BY JULIE GRAY

Many people own, and many more know of, Converse Chuck Taylor All Star athletic shoes. Though the basketball players they were originally designed for stopped wearing them in games in 1969, these kicks are still kicking. Today, they can be seen on everyone from Michelle Obama and Miley Cyrus to Will Smith and Kristen Stewart.

And if, while lacing up your own Chucks, you’ve ever wondered if there is a real Chuck Taylor, IU Press has recently

Courtesy image

issued a paperback edition of a 2004 book that gives the definitive answer. Yes, there was a Chuck Taylor, and he was born in Brown County in 1901.
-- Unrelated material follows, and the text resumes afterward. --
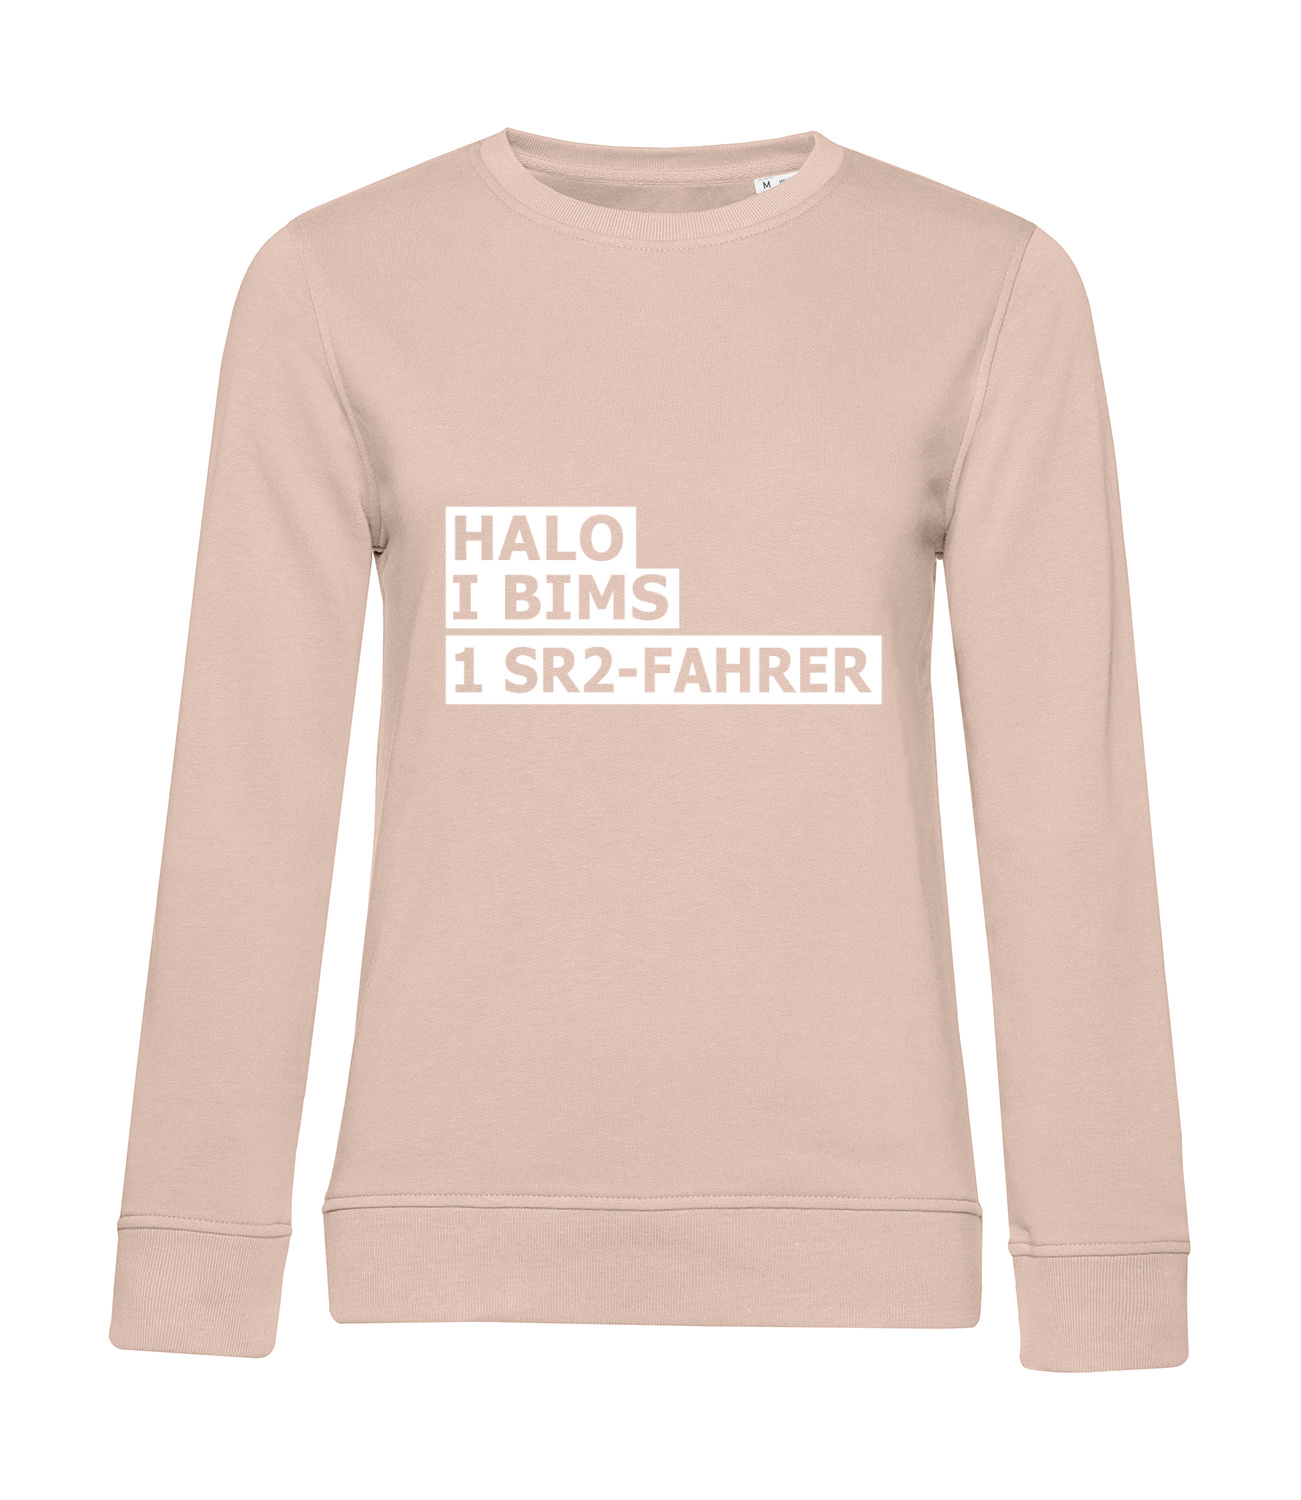 Nachhaltiges Sweatshirt Damen 2Takter - Halo I bims 1 SR2-Fahrer

Chuck Taylor, All Star is an interesting read even if you’re not a sneaker fetishist or a basketball fan. That’s because Taylor was a true American character. Author Abe Aamidor concedes that Taylor was not an outstanding basketball player, coach, or strategist. He falls rather in the grand Horatio Alger tradition of self-made men. Detailing Taylor’s contributions to the game, Aamidor concludes that “what [Taylor] invented was himself.”
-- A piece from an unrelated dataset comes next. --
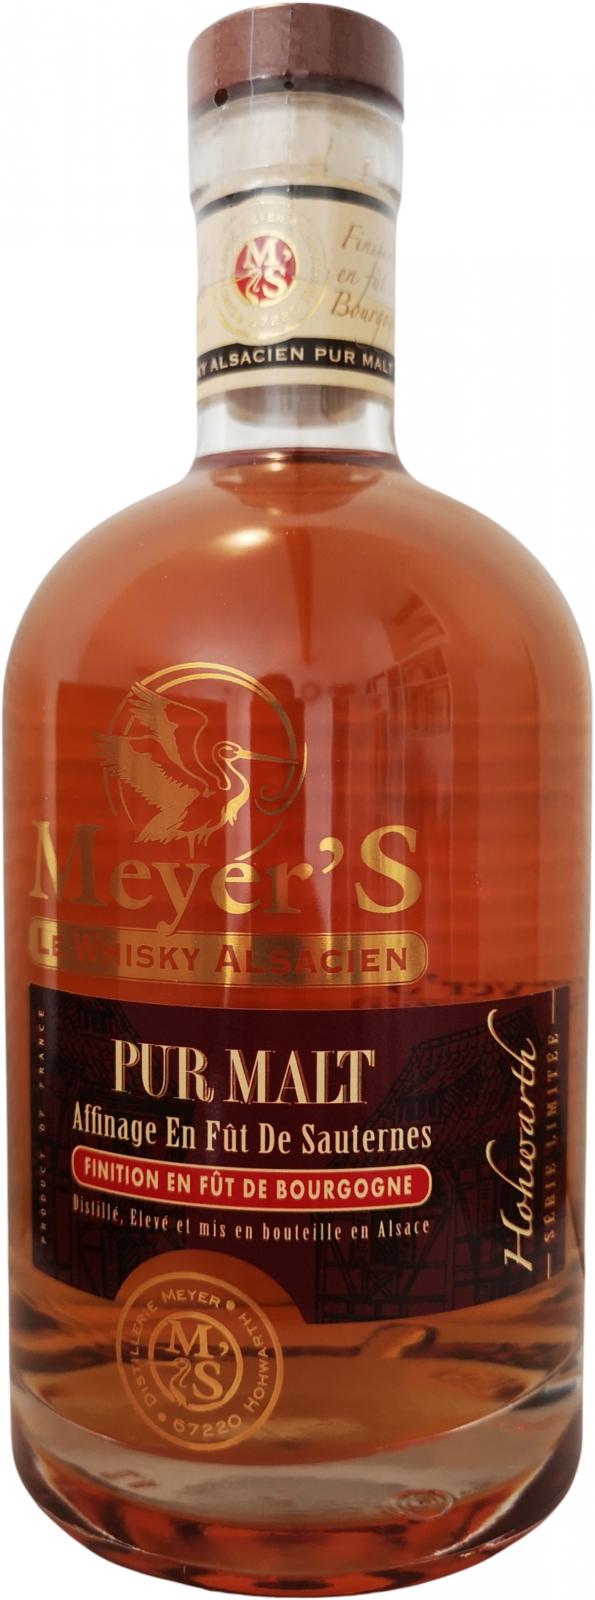 Meyer's Pur Malt

Taylor played basketball with some note on the Columbus High School Bull Dogs, and later for two industrial league teams. But just as the shoes named for him are now most famous off the court, his real achievement was as a basketball promoter, not a player. When he started working for Converse in the 1920s, Aamidor writes, he “was a terrible salesman.” But after getting some tips from the great University of Notre Dame football coach Knute Rockne, Taylor became so crucial to the company that Aamidor credits him with literally saving it during the Depression. In fact, he’s associated with the shoe that bears his name due to his sales acumen—he didn’t invent them, after all. Aamidor writes that his name was added to the ankle patch in 1932 “after his marketing genius became evident.”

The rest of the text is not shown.